Three hours later, after dinner and a fruitless search for a brothel that was reputed to be just off Kissena Boulevard, they were in a very noisy bar in Flushing, and Stafford was trying to explain, yet once more, about von Niehauser. It wasn’t easy because Pete Kirchhof kept breaking into a drunken giggle and laying his head down on the table in a puddle of beer.
“I don’ believe the part about him bein’ a baron—hee hee hee! Jesus, I don’ believe a fuckin’ word. You made it up, di’nt you. Di’nt you, Harry? You made up the whole fuckin’ thing—hee hee hee!”
They were at a table in the back, conveniently close to the men’s room. There seemed to be about five parties going on simultaneously, and just half an hour earlier there had been a short but furious fistfight; so the place offered plenty of dis
traction. You could have plotted the bombing of the Manhattan sewer system in there, with the diagrams spread out all over your table, and no one would have noticed. It was that kind of establishment.

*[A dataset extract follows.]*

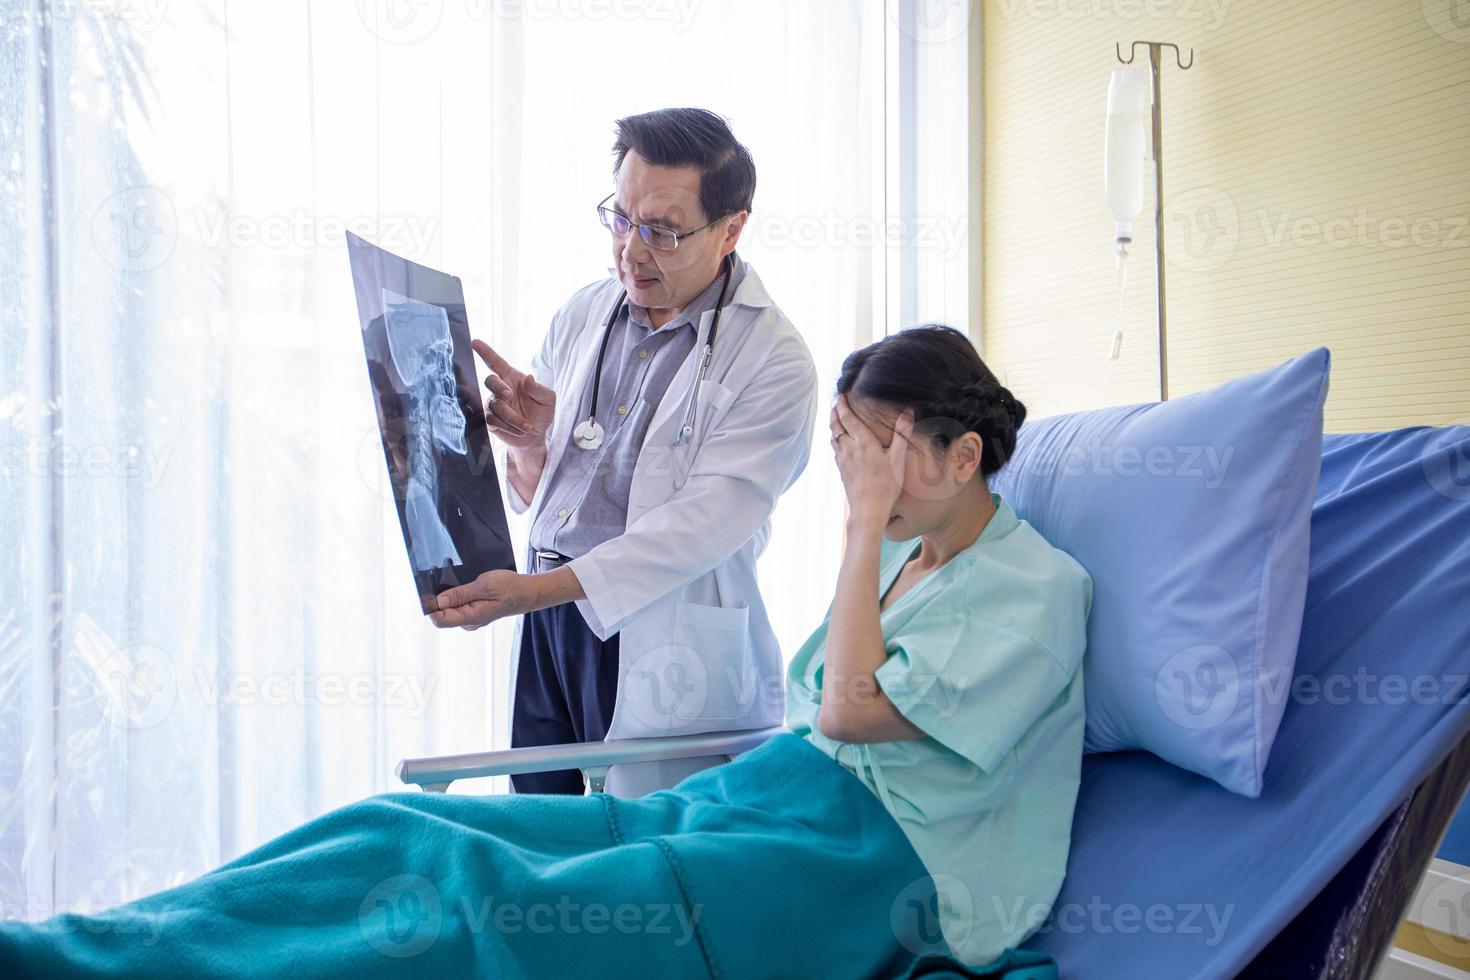 de dokter legt uit over de resultaten van de hersenröntgenfoto's aan een vrouwelijke patiënt die in bed in een ziekenhuis ligt foto

Which was just as well, because anywhere else Pete Kirchhof would have been the center of interest. He was a skinny little creature who gave the impression he was merely inhabiting his clothes—the dark gray suit he wore didn’t seem to be in contact with his body anywhere. His face was as narrow as an ax head, which somehow had the effect of making him appear slightly cross eyed. It was only when he was drunk that he attracted much in the way of attention to himself—he wasn’t a decorous boozer.
Mercifully, so far this evening he had refrained from throwing up, but such luck couldn’t hold forever; in college it had been a fairly regular event. About four hours into the party he would start staggering toward the bathroom, green and bewildered. It was perfectly possible that in college that had been held against him even more than his sympathy with Hitler.
Stafford watched him with growing uneasiness. Lately, for some reason, drunkenness only made him warier. It was doubtful he would have told Kirchhof anything about his association with German intelligence if he hadn’t been cold sober at the time, and now, as he could feel his head beginning to buzz, he had almost come to the conclusion that he had committed a terrible mistake. Kirchhof, he had decided, was not someone he felt comfortable trusting with his life.
“Come on, Harry, you c’n tell me. He can’t really be no fuckin’ baron, can he? Hee hee hee!”
“Oh yes he is, pal,” Stafford said quietly, almost to himself. In fact, he was reasonably sure that nothing that wasn’t actually shouted could be heard anywhere in that room, even across the length of a table. And, besides, Pete Kirchhof didn’t give the impression he was listening very closely. “He is, every bit of it. And I think he’s probably going to kill me.”
“Fuck’m.” Kirchhof leaned forward on the table, supporting himself with his hands. He looked half blind, and his speech was badly slurred. “Fuck’m, the son of a bitch. If he gets frisky, sell’m to the cops.”